ACTIVITY >>
Only one span of the material below is wanted. Output it exactly, from the line with "Dirt Bike Wiring" through the line with "Cities At Night", without any pictures.

EXCERPTED DATA >>
+ + +

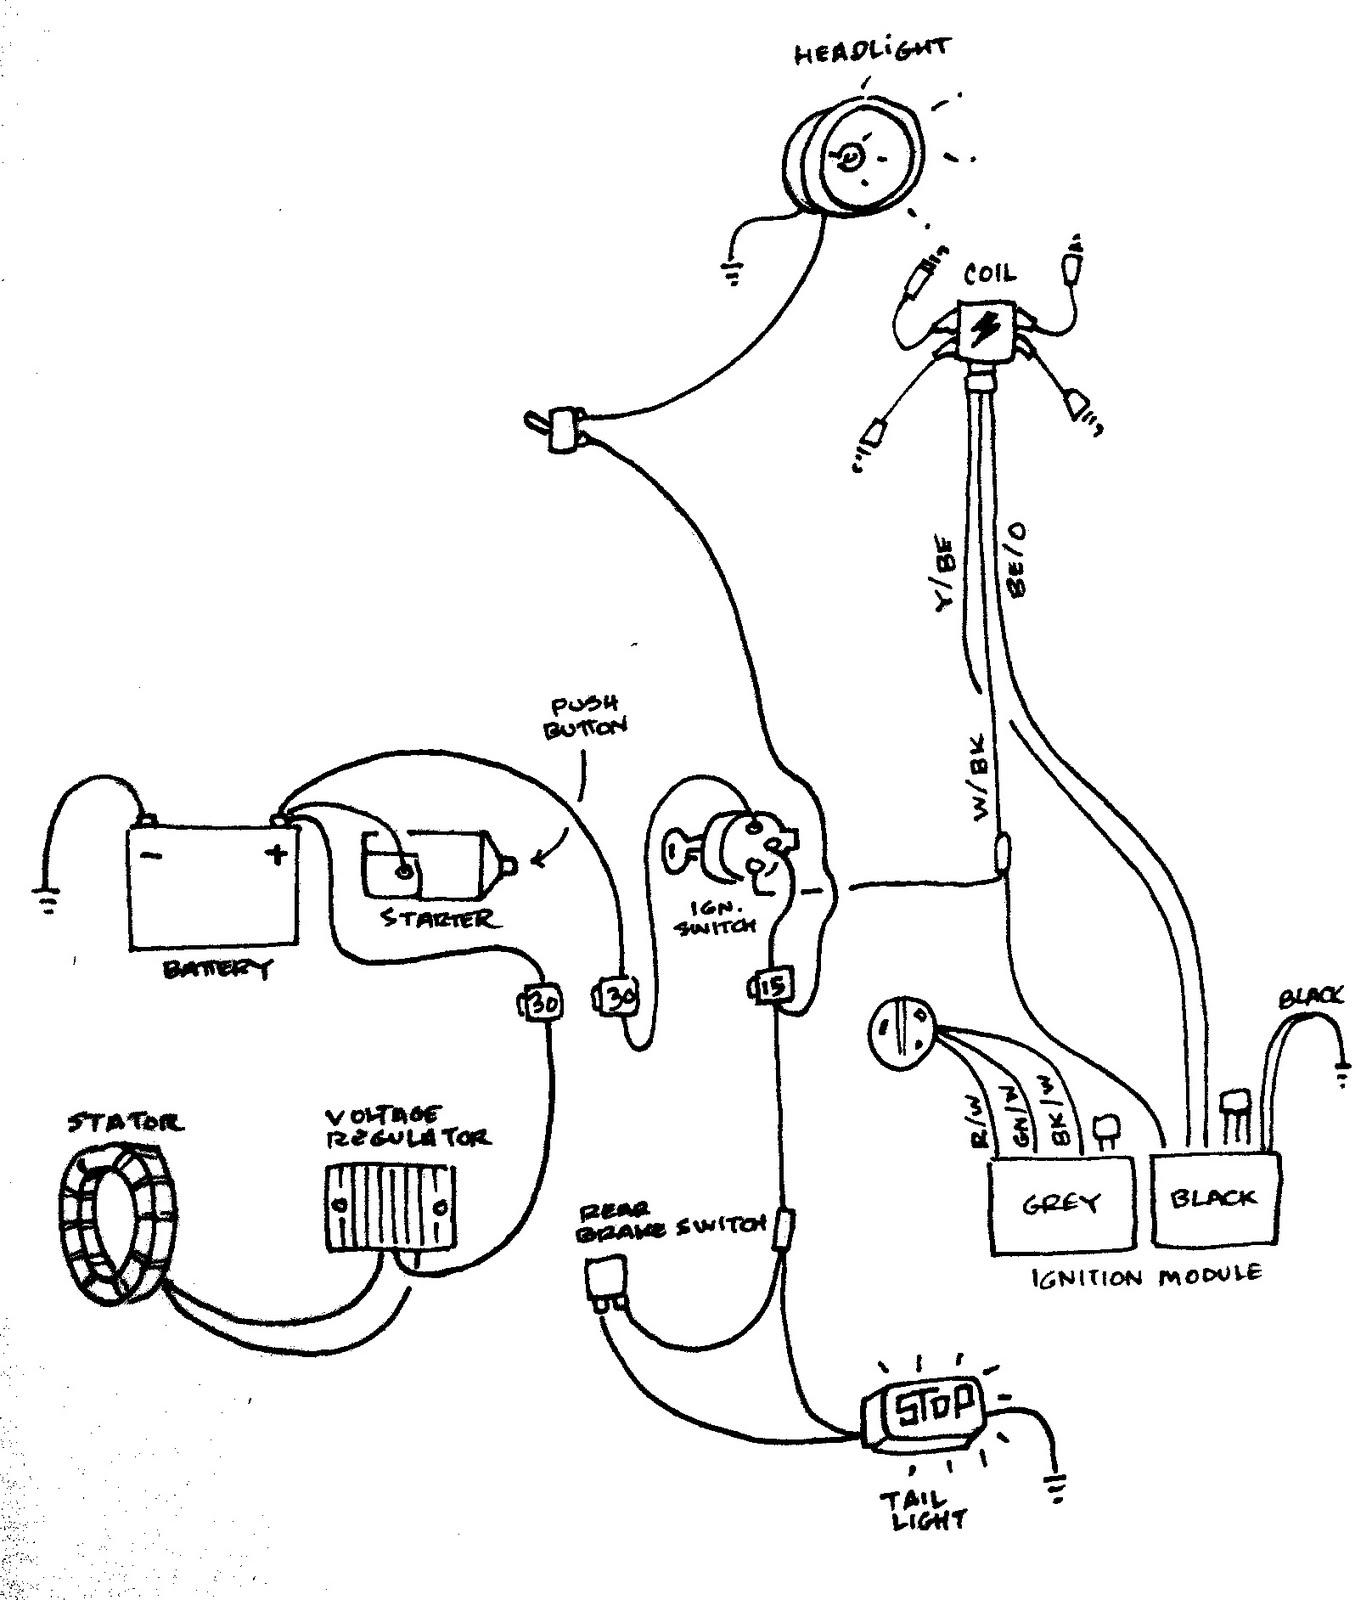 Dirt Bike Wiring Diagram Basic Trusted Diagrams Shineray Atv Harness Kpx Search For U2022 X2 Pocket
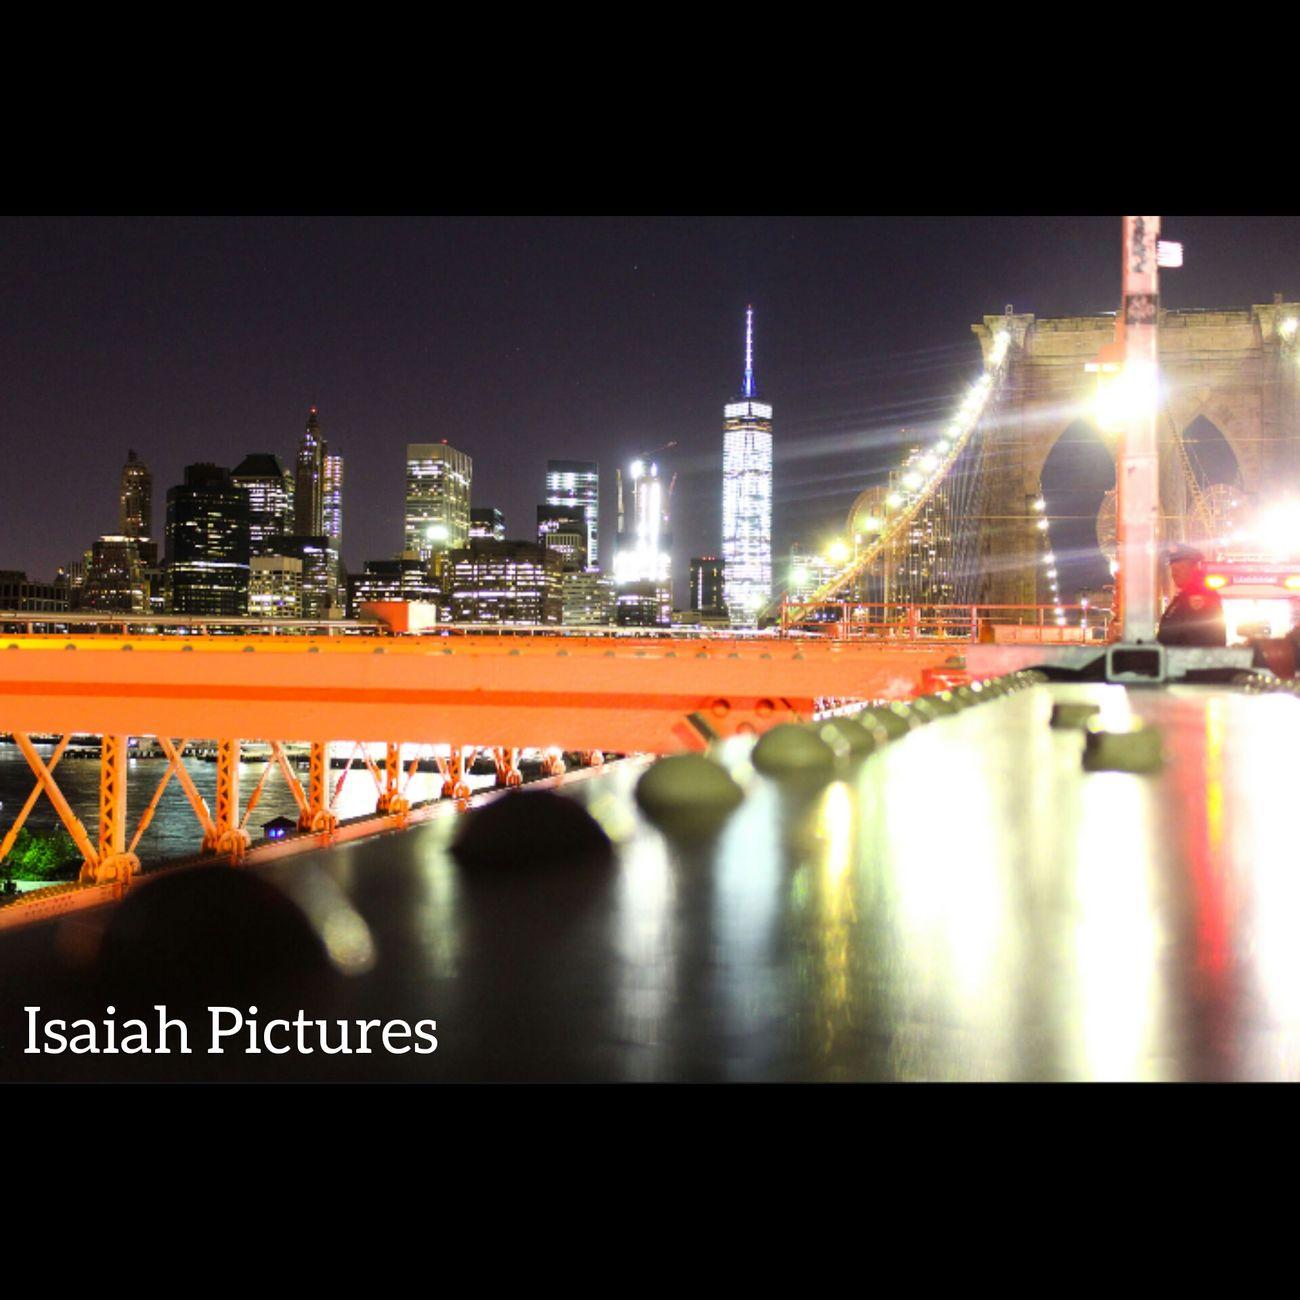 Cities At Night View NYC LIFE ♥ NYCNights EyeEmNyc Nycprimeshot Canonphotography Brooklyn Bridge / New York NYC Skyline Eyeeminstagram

+ + +

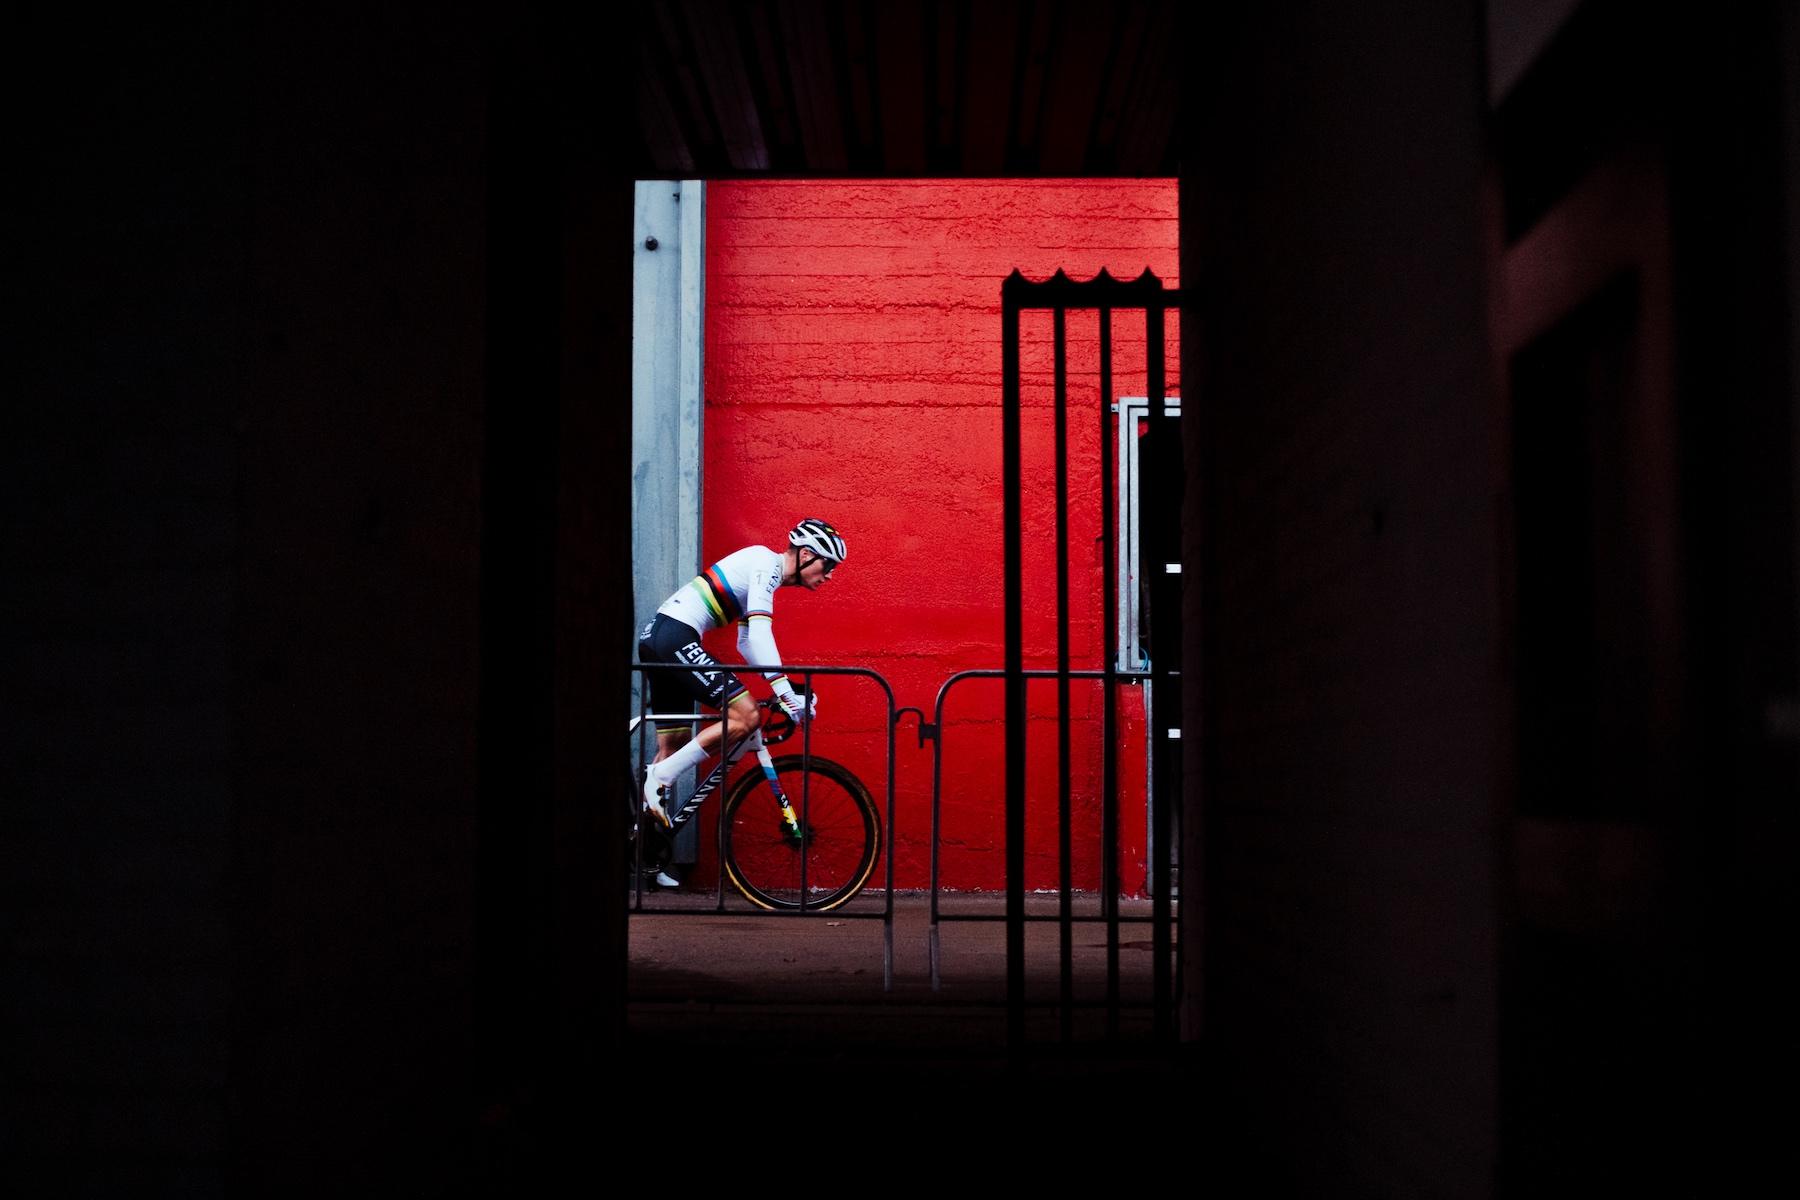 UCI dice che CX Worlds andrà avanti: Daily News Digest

+ + +

EXPECTED ANSWER >>
 Dirt Bike Wiring Diagram Basic Trusted Diagrams Shineray Atv Harness Kpx Search For U2022 X2 Pocket
 Cities At Night View NYC LIFE ♥ NYCNights EyeEmNyc Nycprimeshot Canonphotography Brooklyn Bridge / New York NYC Skyline Eyeeminstagram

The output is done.